Visual Studio 2022, Visual COBOL 11 Update 1.

 When migrating old native COBOL code to COBOL .NET which has lots of reference modification code you have to sometimes work out something simple as the length of a string.

In OO COBOL you had character arrays and you could get “size” or “sizeinbytes”. Due to my very poor understanding of what a character array was many years ago I got unstuck when using simplified Chinese to do reference modification as getting the “size” means how many simplified Chinese characters are in the array and doing reference modification would truncate the data because I didn’t use “sizeinbytes”.

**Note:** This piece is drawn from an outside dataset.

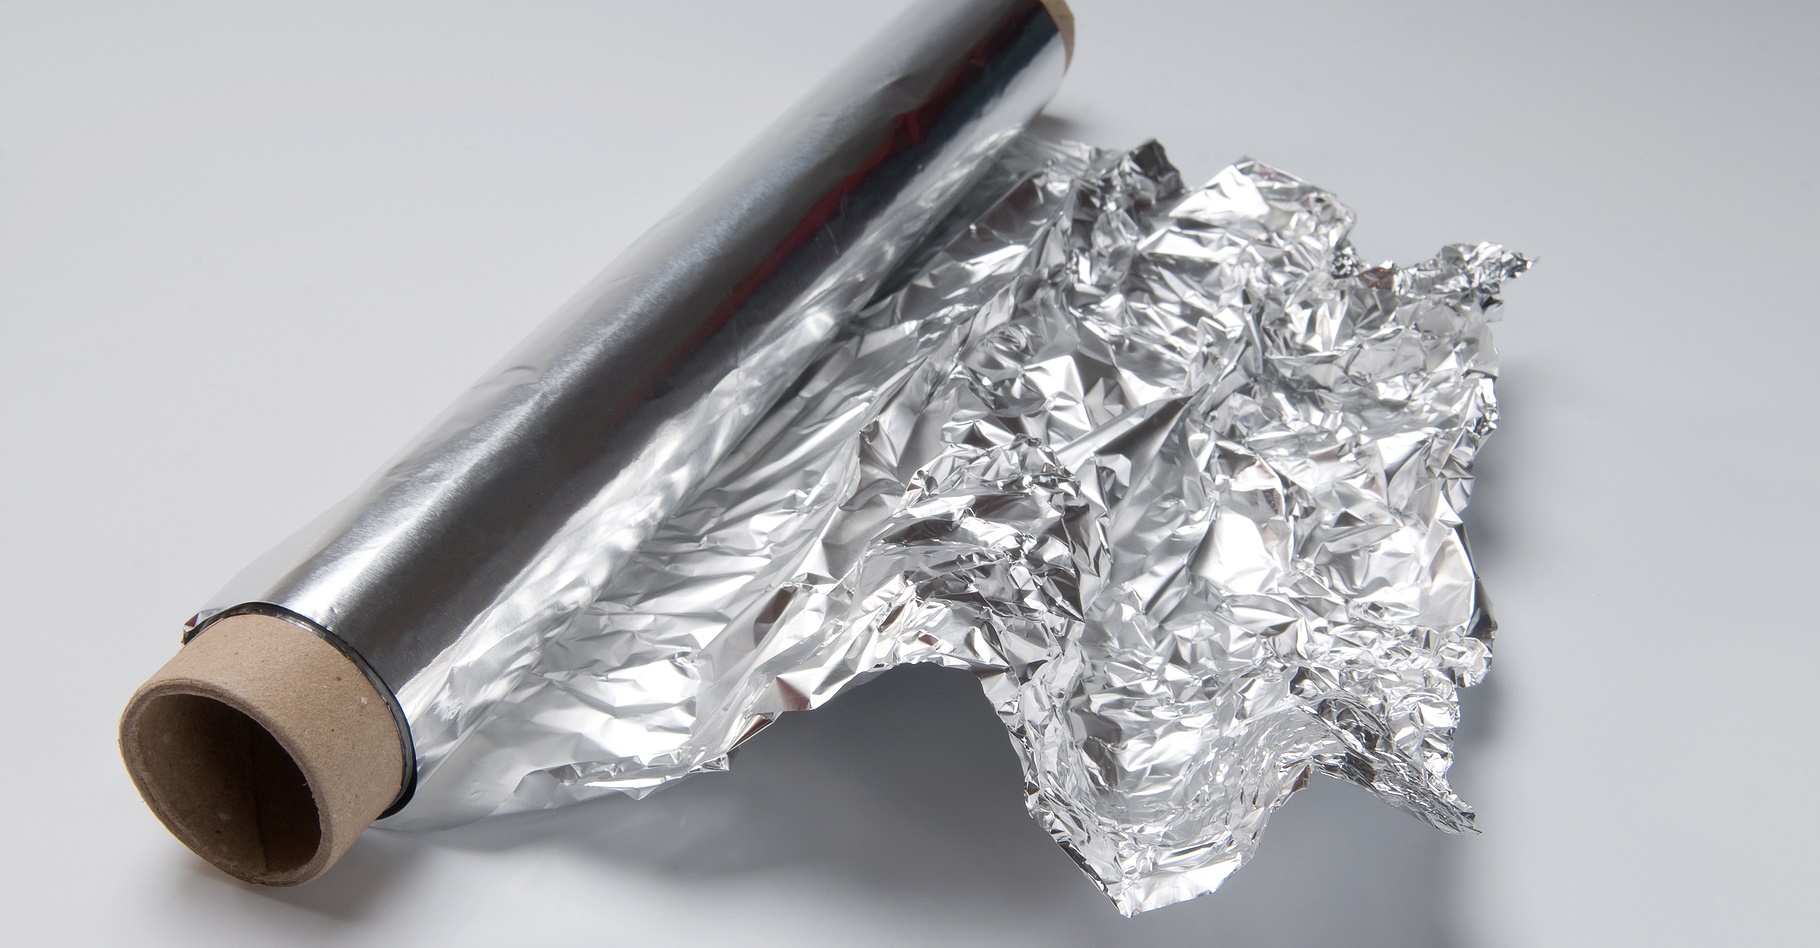 L’aluminium peut se trouver au contact des aliments. Faut-il s’en méfier ? Quels sont les dangers ? © Lorena Fernandez, Shutterstock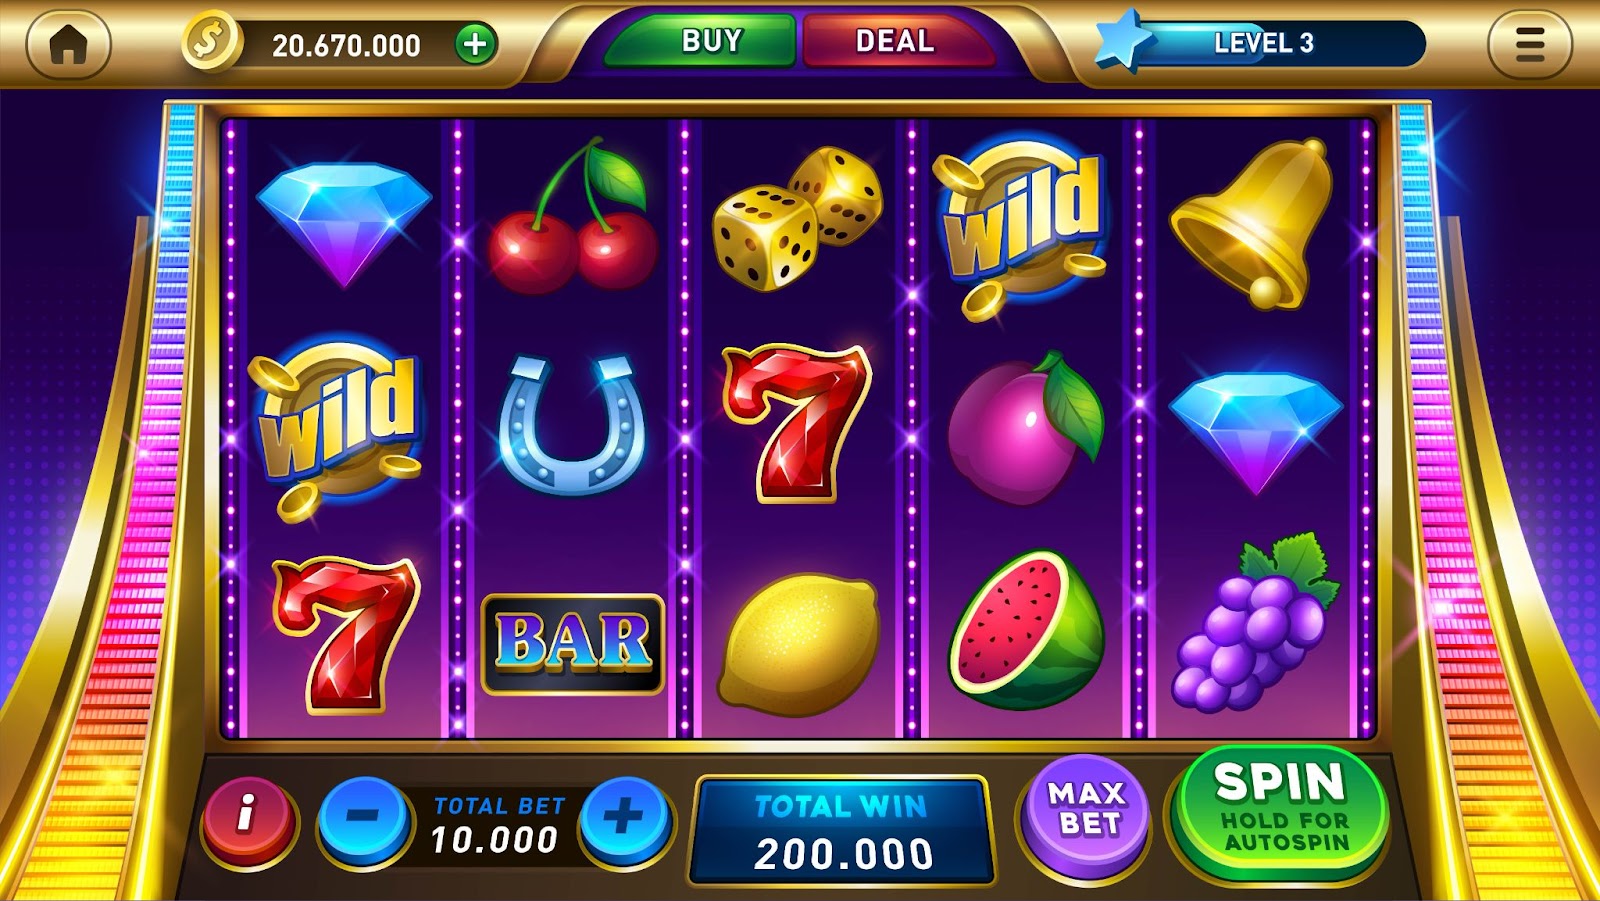 Une capture d'écran dynamique d'un jeu de machine à sous virtuelle affichant divers symboles comme des fruits, des cloches et des jokers avec des boutons pour les options de jeu.

So now moving to COBOL .NET I’d better check the behaviour of this and see how it works.
I have a simple C# winform 

Thread.CurrentThread.CurrentCulture = new CultureInfo("zh-CN");
Thread.CurrentThread.CurrentUICulture = new CultureInfo("zh-CN");
 

 
This is passed into a C# class and and the RunUnit started.The data is then passed from the class into 2 working storage fields, 1 is a string the other a pic x(200)
 


I can see the representation tin the watch window.
 


But this is where I’m now confused as the hexadecimal representation is very different.
 

 

If I do a perform varying on the pic x(200) from the end looking for the first none space I’m going to get a very different number from getting a GetByteCount on the string.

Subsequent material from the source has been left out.